Segment Start: Data section

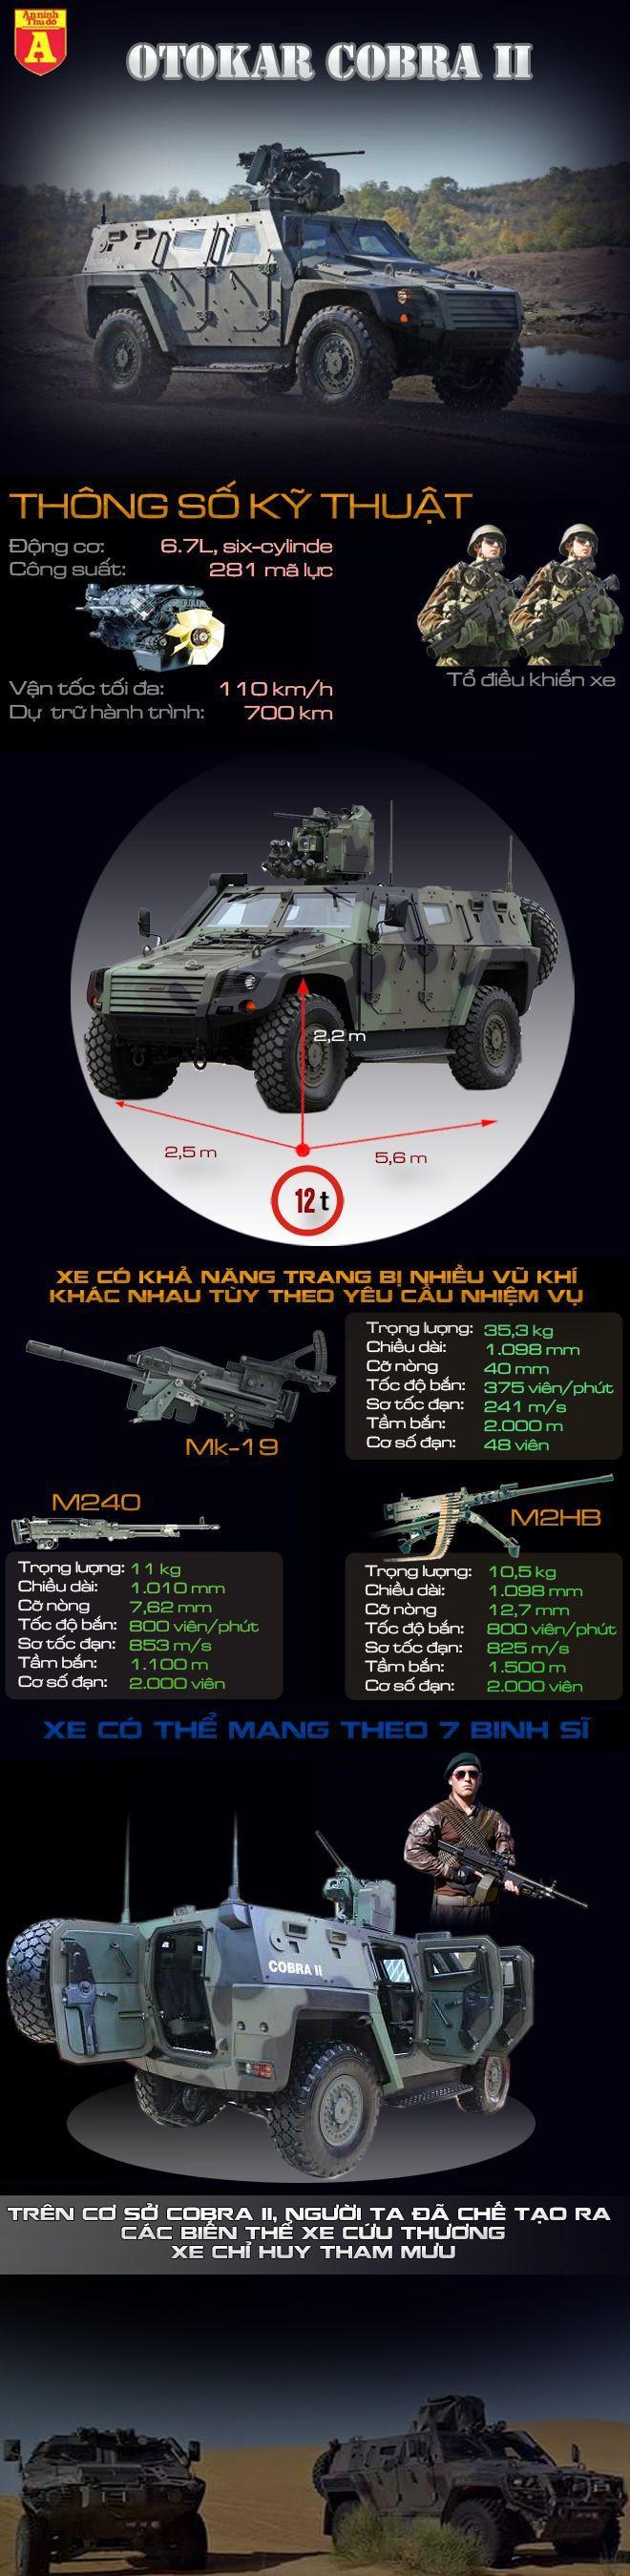 """[Infographic] Sức mạnh siêu xe bọc thép mang tên """"Hổ mang bành"""""""
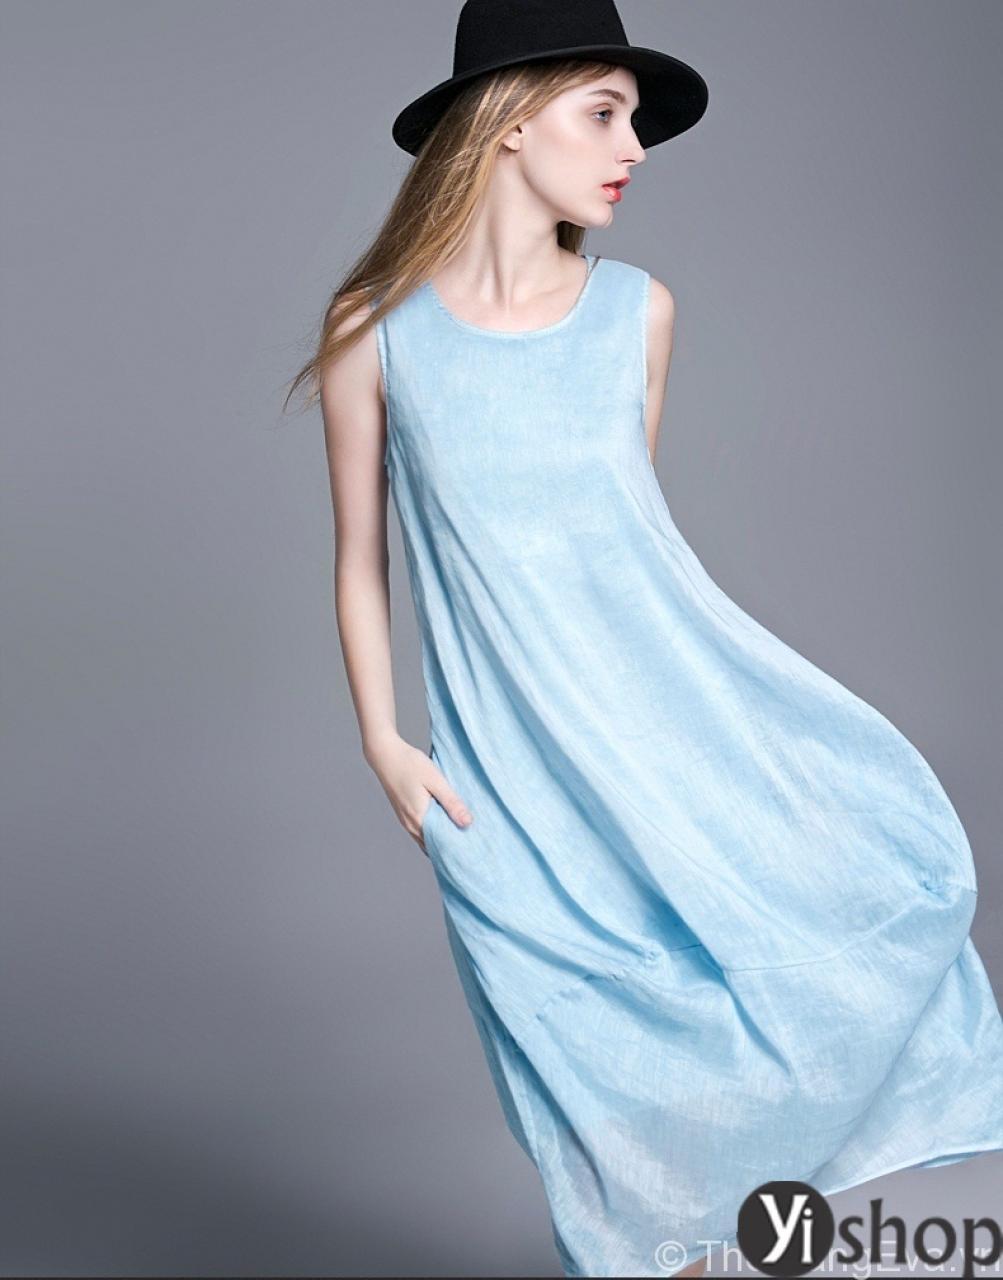 Váy đầm liền không tay đẹp thời trang hè duyên dáng quyến rũ
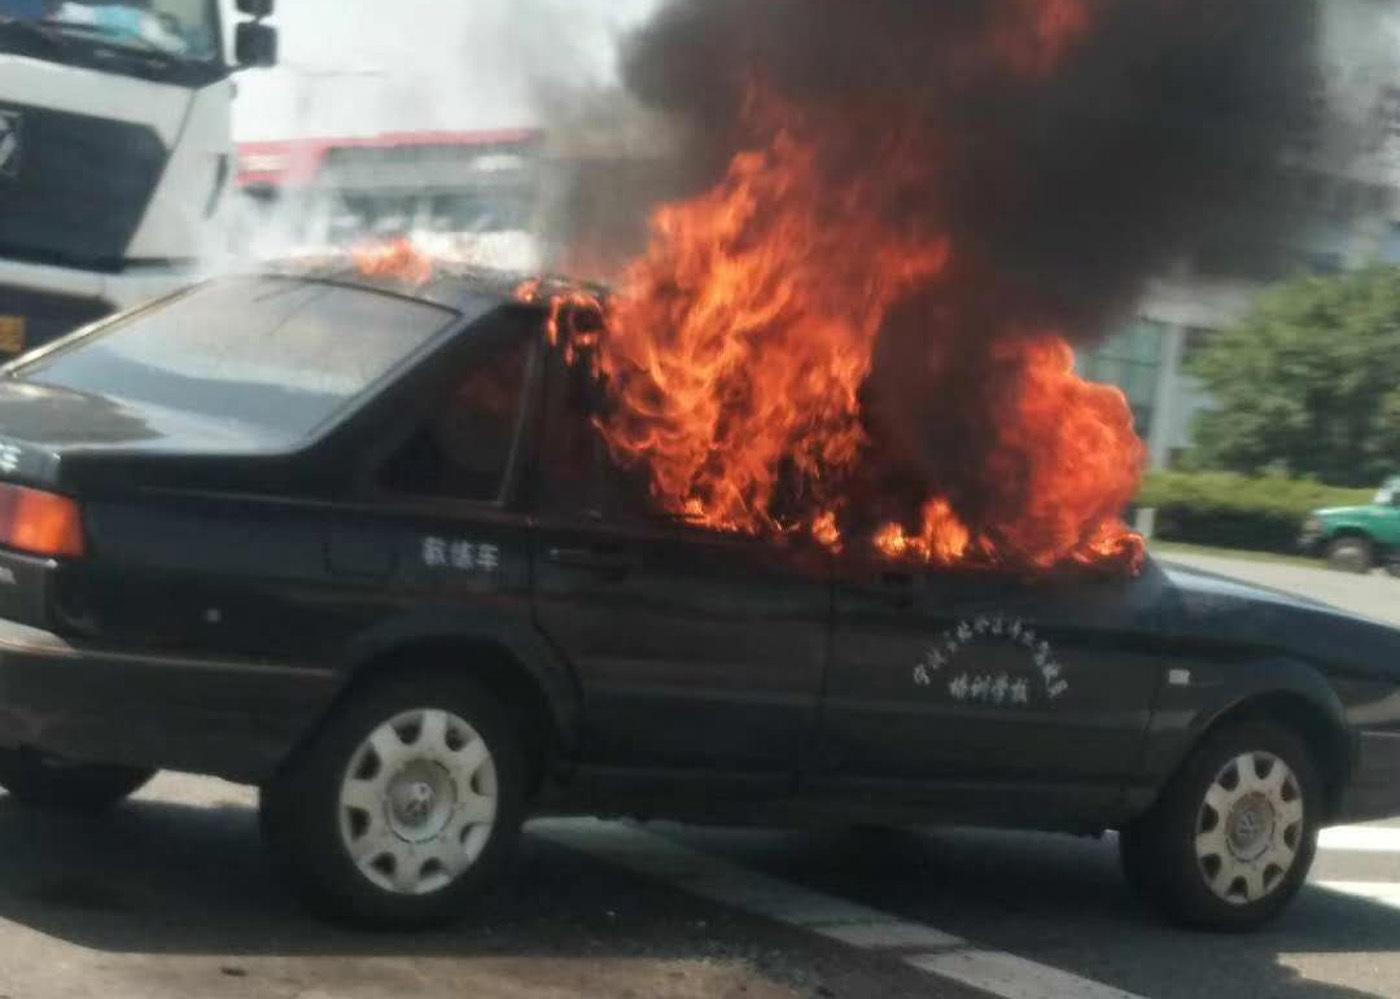 2018年7月29日,浙江宁波一驾校教练车街头突起火,烈焰瞬间吞噬驾驶室

Segment End: Data section

* Task brief
Print only the lines from the one with "Váy đầm liền" through the last line of the data above, exactly and with both ends, and please omit any pictures.

* Solution for this problem
 Váy đầm liền không tay đẹp thời trang hè duyên dáng quyến rũ
 2018年7月29日,浙江宁波一驾校教练车街头突起火,烈焰瞬间吞噬驾驶室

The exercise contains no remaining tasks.